Keywords |: presenteeism, healthcare worker, burnout
RESUMO |
O presenteísmo é um fenômeno ocupacional e psicossocial que afeta o ambiente de trabalho, acarretando perdas na produtividade e implicações na condição de saúde dos trabalhadores, com potencial para tornar-se um grave problema de saúde pública. O objetivo deste trabalho foi discorrer sobre implicações, formas de avaliação e repercussões na saúde e na prestação de serviços entre os trabalhadores da saúde. O presente estudo foi realizado mediante busca de artigos do PubMed utilizando palavras-chave como: presenteeism, absenteeism, nurse presenteeism, physician presenteeism, sickness presenteeism, physician health organization e working sick. Concluiu-se que avaliar corretamente o presenteísmo por meio de conscientizar gestores de saúde sobre os riscos e malefícios desse fenômeno e propor ferramentas para manejar essa condição contribuirão para reduzir o seu impacto nos ambientes de trabalho. Esse parece ser o caminho para dar visibilidade a esse problema e evitar o seu crescimento.
INTRODUCTION
Presenteeism is the term used to designate the situation in which people go to work when in poor physical or mental health conditions. This phenomenon often has negative consequences in terms of productivity, rate of work accidents and the state of health of workers1,2,3.
Presenteeism and absenteeism-i.e. absence from work for several reasons-have a close mutual relationship. Both encompass disease conditions with variable personal, biological, environmental, family, financial or functional causes4,5. Available evidence indicates that presenteeism increases medical costs, reduces productivity, elevates the rate of work accidents and causes financial losses to organizations. In some countries it represents the main occupational health concern6,7.
While studies on this-hard to detect and manage-problem are still scarce, interest is increasing among public and private organizations8. The aim of the present study was to analyze presenteeism among health care workers, physicians and nurses in particular, and its implications for the health of this population of workers. We further sought to analyze and emphasize the relevance of validated methods to investigate presenteeism.
METHODS
This is a narrative review by searching for articles in the PubMed database. The review was conducted through the following steps: Searching for articles in the databases and specialized journals, defining inclusion and exclusion criteria, collecting information to be identified in the articles, analyzing and interpreting the selected studies.

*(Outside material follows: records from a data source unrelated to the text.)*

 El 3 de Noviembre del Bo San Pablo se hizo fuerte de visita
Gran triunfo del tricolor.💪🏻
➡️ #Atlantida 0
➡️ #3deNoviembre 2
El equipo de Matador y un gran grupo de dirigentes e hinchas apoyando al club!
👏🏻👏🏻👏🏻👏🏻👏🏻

The descriptors used were generated from the list of Health Science Descriptors: using keywords such as: presenteeism, absenteeism, nurse presenteeism, physician presenteeism, sickness presenteeism, physician health organizationtion and working sick.
Articles that addressed presenteeism and absenteeism with a broader focus on health professionals were
included. Incomplete articles that presented only the summary available for consultation and that did not address absenteeism and presenteeism in health professionals were excluded.
RESULTS
PRESENTEEISM AND ITS CONSEQUENCES
Studies on presenteeism are usually conducted from two main perspectives, one that focuses on its economic consequences for workers assessed by means of measures of productivity loss due to chronic health problems, such as alcoholism, arthritis, allergies, migraine, depression and anxiety. The second perspective emphasizes the effects of going to work when ill on the health of workers8.

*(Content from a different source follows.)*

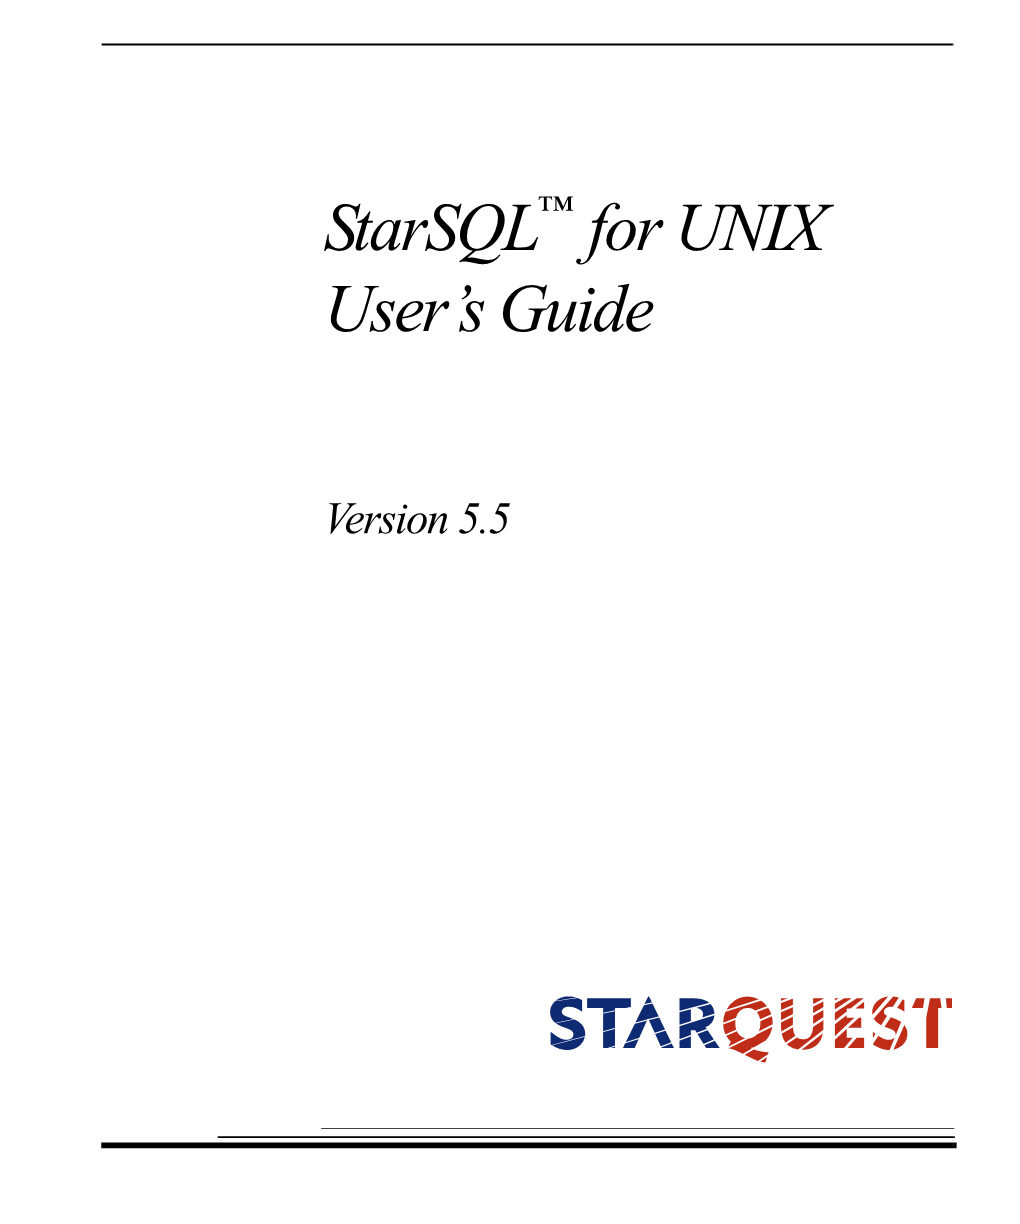 Starsql for UNIX User's Guide

Workers may choose to work beyond the established hours to make their presence felt or to show commitment to their employer. Reasons to go to work when sick include: avoiding work overload to coworkers or accumulated work, financial issues, not being seen as lazy or unproductive, concerns with dismissal or retaliation, love of one’s job, belief that work is healthy, substituting absent coworkers, and being seen as strong and committed, among others9.
The European Working Conditions Survey found that 40% of respondents (40,000 people in 34 countries) had worked while they were sick at least one day in the previous 12 months. While in the United Kingdom the overall rate of sickness absence is declining since 2003, this does not mean that the population is becoming healthier, but may indicate that the number of people unable to work due to advanced disease is growing10.
Presenteeism might be associated to job burnout, which is characterized by emotional exhaustion, depersonalization and low personal accomplishment and may manifest as low job satisfaction, impaired mental health and poorer quality of care delivery. Workers often manifest symptoms of burnout derived from inadequate recovery from sickness, resulting in vicious circle: the job demands continually grow while workers have less and less energy to cope with such increasing demands, which leads to presenteeism and to the perpetuation of this circle11,12,13,14.
Presenteeism is a more complex phenomenon by comparison to absenteeism and may cause direct and indirect financial losses higher than those associated with the latter for conditions such as depression, with up to 80% productivity loss5,14,15,16,17,18,19. A study performed in the United States in 2004 analyzed the ten health problems most frequently related to presenteeism and the corresponding costs. The results indicated that presenteeism was associated with higher medical costs than absenteeism, corresponding to 18 to 60% of such expenses7. When delaying medical care for minor health problems, disease might become more complex, leading workers to engage in an alternation of periods of presenteeism and absenteeism. Such behavior increases the rate of presenteeism and consequently also that of absenteeism10,17.
The physical and mental health status of workers who go to work when sick is a reason of much concern, since according to the model formulated by O’Donnell, health, productivity and profit are intertwined. As a result, performance improves when workers are physically and emotionally fit4, while the opposite condition does not only lead to quantitative losses, but also to poorer quality of services, error and neglect1.
Therefore, an accurate understanding of the clinical significance of presenteeism and how it manifests in everyday work routine is essential, since it enables detection and early interventions to hinder its progression over time5.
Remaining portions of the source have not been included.